This week’s Gospel is about the character of our Lord, and how this character leaves its imprint on us. It’s the “family way” so to speak. And that “way” is mercy.
First lets look at the cool Christology going on, Jesus’ subtle teaching that He and the Father are of one divine substance. Jesus first teaches that the Father is merciful, and that this is how we should be as well. Be merciful as the Father is merciful. Then Jesus gets into specifics about what this looks like. Don’t judge or condemn, but forgive; give abundantly from the overflow of our hearts.
Then Jesus explains the principle with parable, that is, the principle that we should be merciful as the Father is merciful. He says, “Can the blind lead the blind? Will they not both fall into the ditch? A disciple is not above his teacher, but everyone who is perfectly trained will be like his teacher.” Here, He explains that, just as each of us should be like our Father in His mercy, so also will we be “like [our] teacher,” which is Jesus. The word “as” in “as your Father is merciful” is similar to the “like” here in “like his teacher.” The teacher (Jesus) is of one substance with the Father! (In the Greek the two words are similar as well, the one kathos, and the other hos.)

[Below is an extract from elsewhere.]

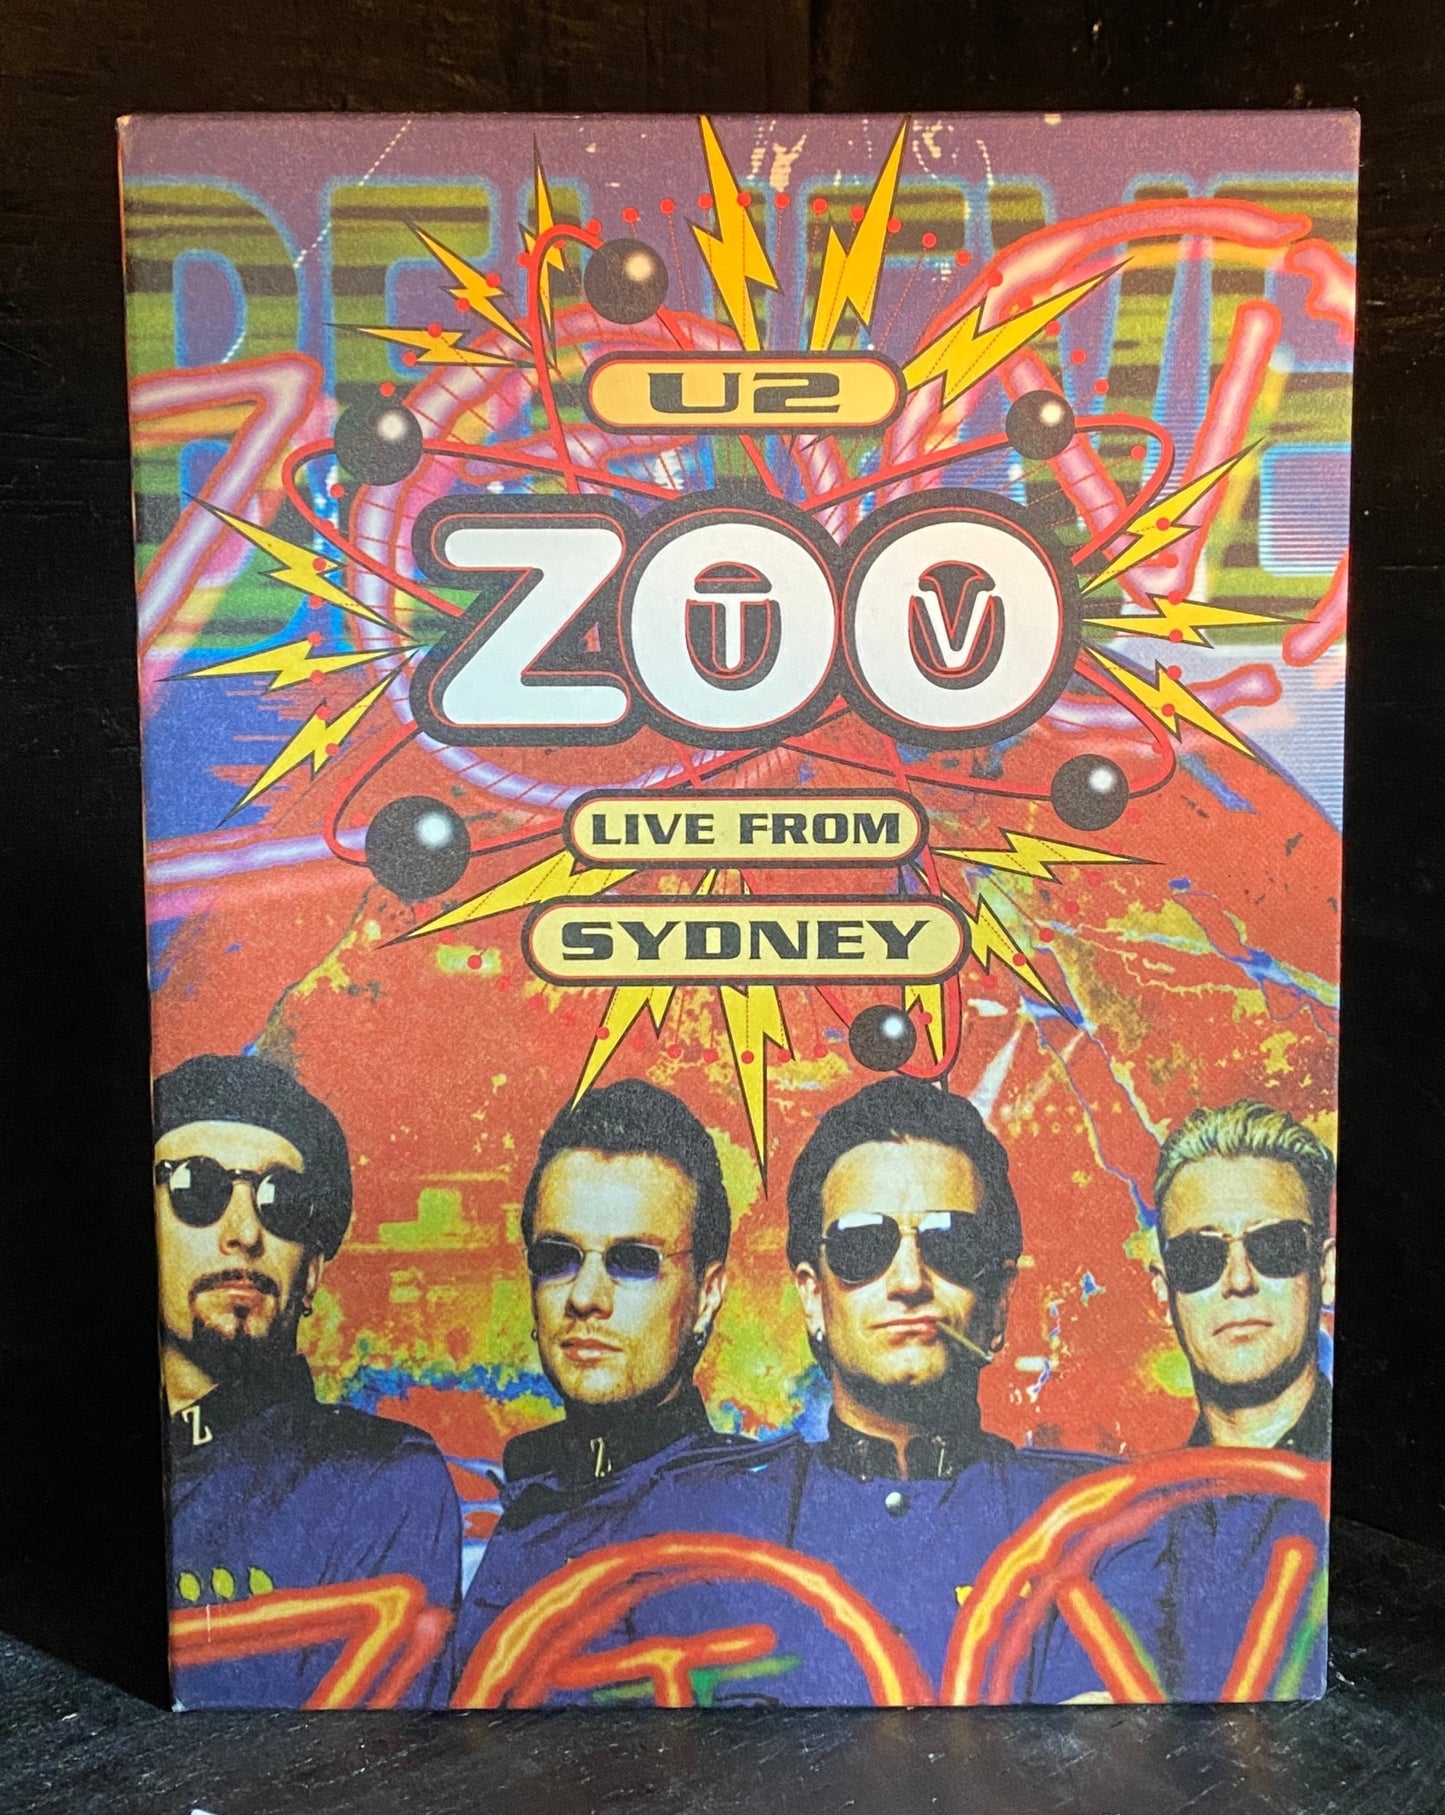 U2 - Zoo TV Live from Sydney (Limited Edition)
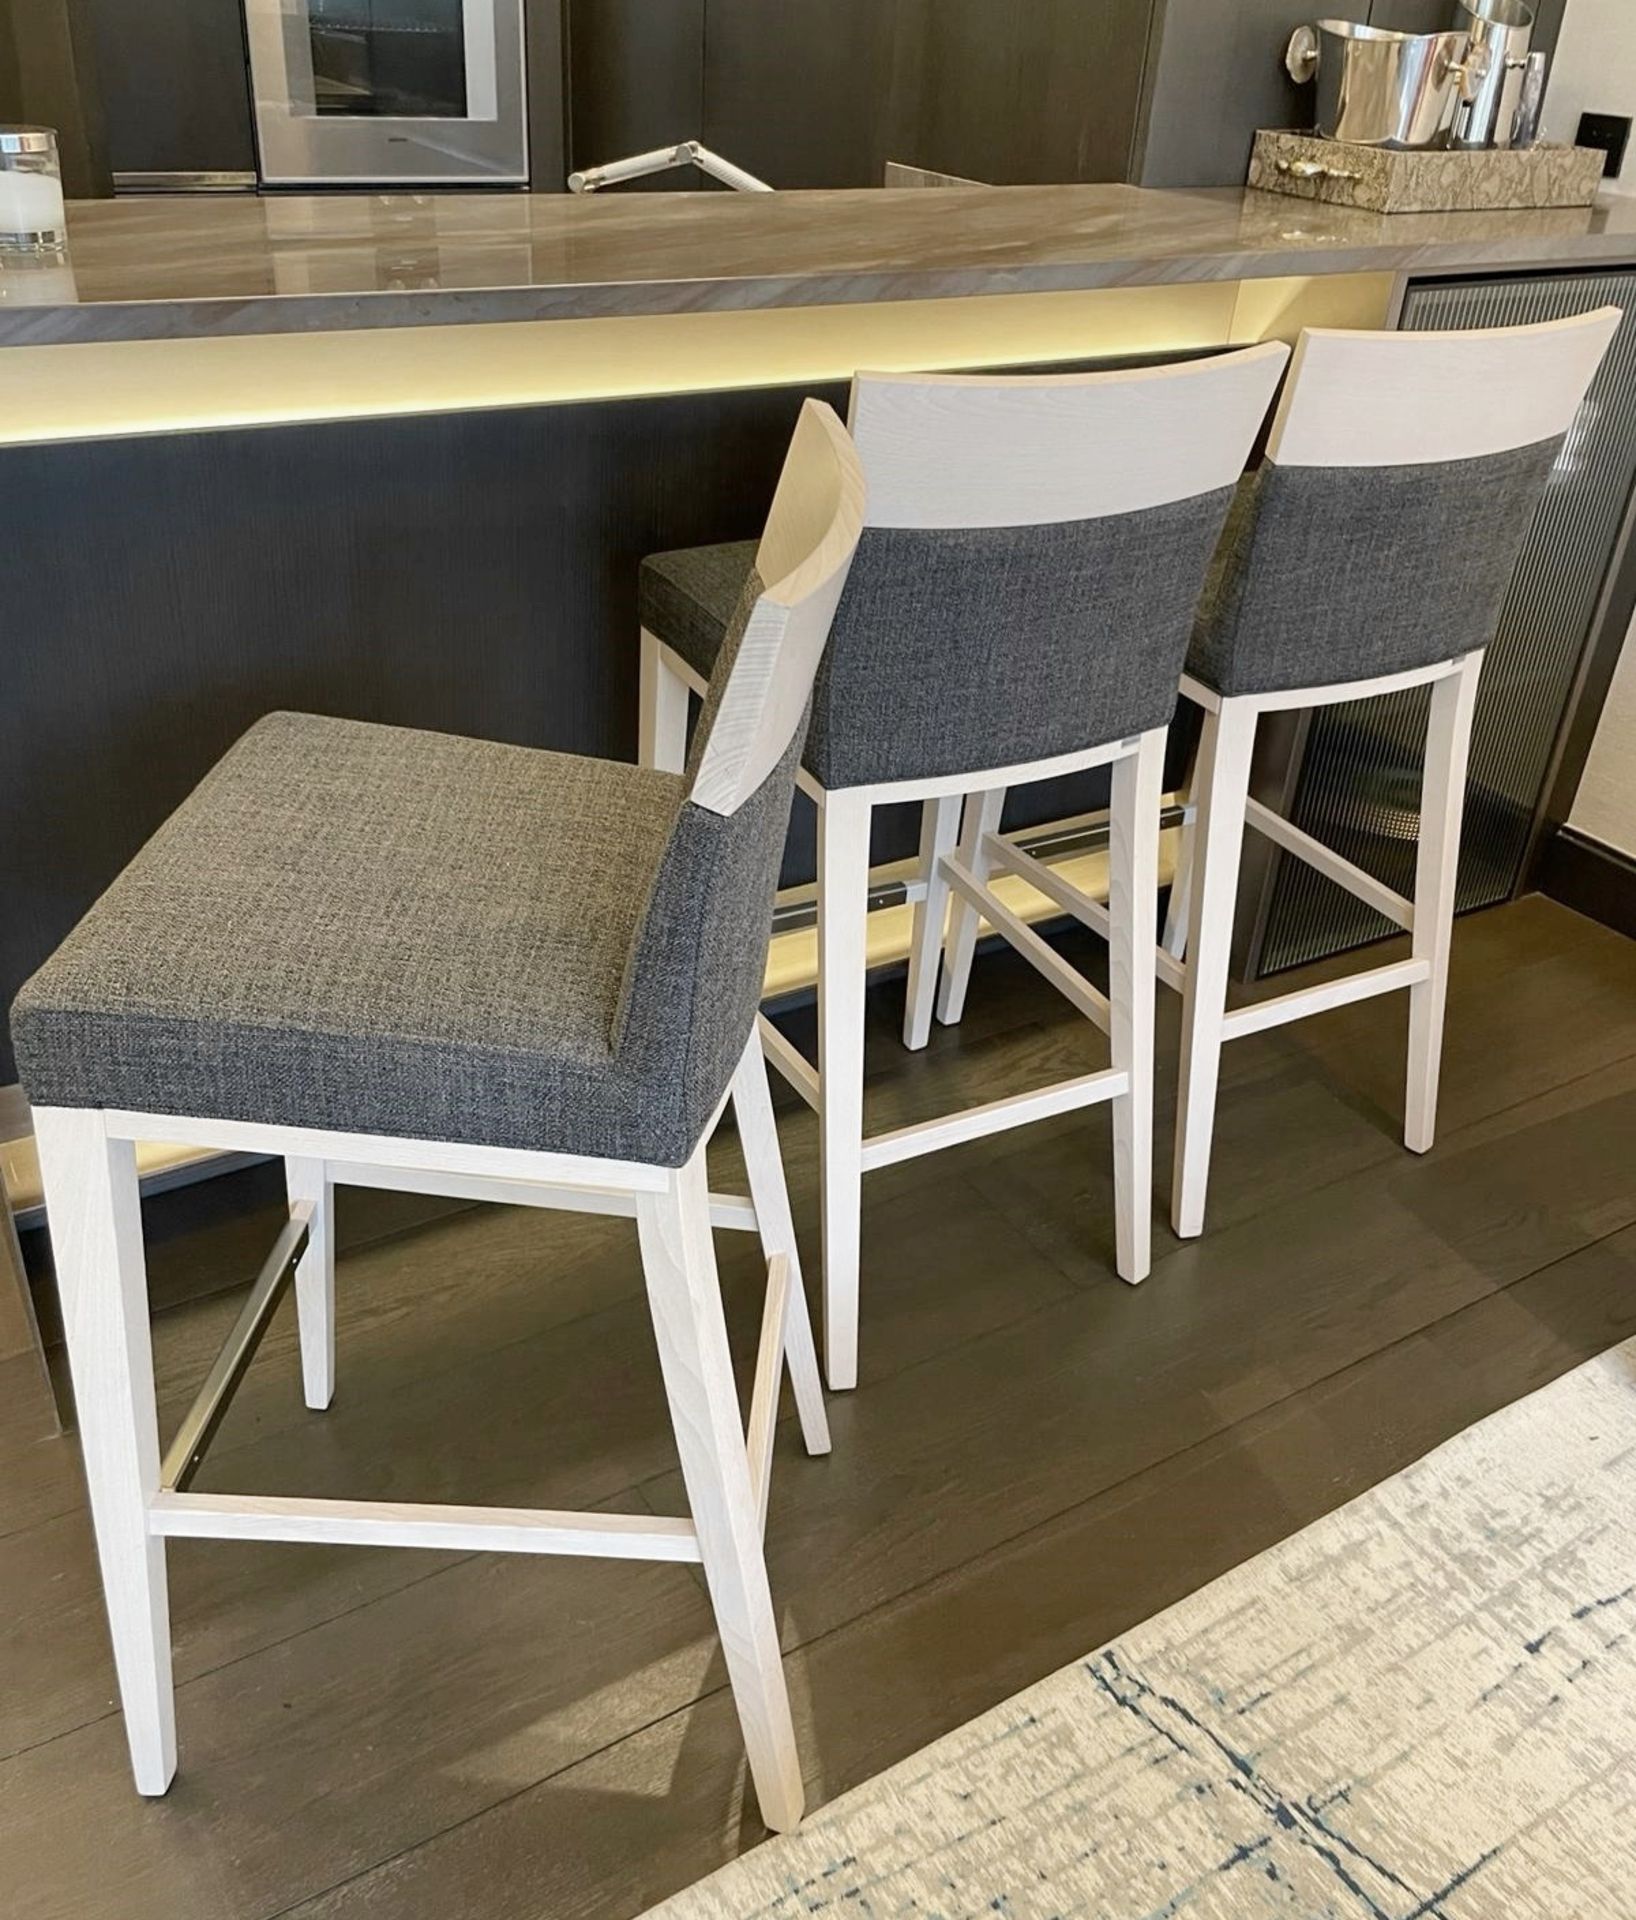 3 x MONTBEL Designer Bar Stools With Light Stained Frames And Grey Fabric Upholstery - Image 3 of 18

The Father is merciful; the Son teaches this mercy and lives it out, thus making it something to emulate. Jesus is God’s mercy in action.
And this explains each of the five verbs we see in the Gospel. Jesus acts out each of these verbs.
Jesus was merciful. No one in the Gospel who ever prayed “Lord, have mercy” was every denied. In fact their faith was praised. Why does Jesus have mercy? Because He knows our frailty. As the Psalm says, “Have mercy on me, O LORD, for I am weak; O LORD, heal me, for my bones are troubled.”
In Christ we are not judged as our sins deserve, as Jesus says, “Most assuredly, I say to you, he who hears My word and believes in Him who sent Me has everlasting life, and shall not come into judgment, but has passed from death into life.”
In Christ we are spared condemnation on the day of judgment, for as it says, “There is therefore now no condemnation to those who are in Christ Jesus.” And again, “He who believes in Him is not condemned.”
Jesus teaches forgiveness and lives it out. “Whatever sins you forgive, they are forgiven.” Or think when Peter asked, “Lord, how often shall my brother sin against me, and I forgive him? Up to seven times?” Jesus said to him, “I do not say to you, up to seven times, but up to seventy times seven.”
In Christ God gave us everything. For “God so loved the world that He gave His only-begotten Son.”
Now, as it is for our, so it is for us who should be “as” our Father and “like” our teacher.
We should be merciful. Where we are tempted to say, “They get what they deserve.” Mercy says, “I myself know how frail and weak I am. How can I not have mercy on you?”
We should not judge. Judging not is not the same thing as “Let me remove the standard of judgment.” This is the world’s “non-judgmentalism.” So, for instance, if someone is fornicating with his girlfriend, he might say, “Don’t judge me.” And what they mean is not, “Yeah, I know I’m sinning, but go work on your own sins first, and then come back and talk to me.” No, what they mean is, “That’s an old fashioned idea of sexual ethics, based on the bible, that should no longer apply.” This is clearly not what Jesus means when He says, “Judge not.” He means we should have mercy in the application of God’s eternal standard, knowing how frail we ourselves are before it. “Judge not” means, don’t go around looking for specks, looking to apply God’s law harshly to satisfy some personal lack of mercy. Rather look out for people’s good. Live your life in such a way so that you can help others as they try to live according to God’s standard.
We should not condemn. God is the final judge. This is why the “GD” curse is so very wrong. This is why the Lord says, “Vengeance is mine.” It is not ours to condemn, but to have mercy. The Lord will be the final judge. Here’s an interesting question for a later meditation, but does our media/internet culture foster judgmentalism or mercy? I think we all know the answer to that.
Finally, we should give. When your heart is anchored in heaven, where you possess all things, there is nothing you can lose. This is why Jesus focuses on the heart. Hearts filled with God’s mercy and grace overflow. “Good measure, pressed down, shaken together, and running over will be put into your bosom.” Hearts are what we “lift up” during communion, so as to fill with that heavenly vision, where our treasure is. When we have all the treasures of heaven, it is impossible to lose anything by what we give on earth. The Father gave in this way. Jesus gave in this way. And those whose hearts are in Christ give this way as well.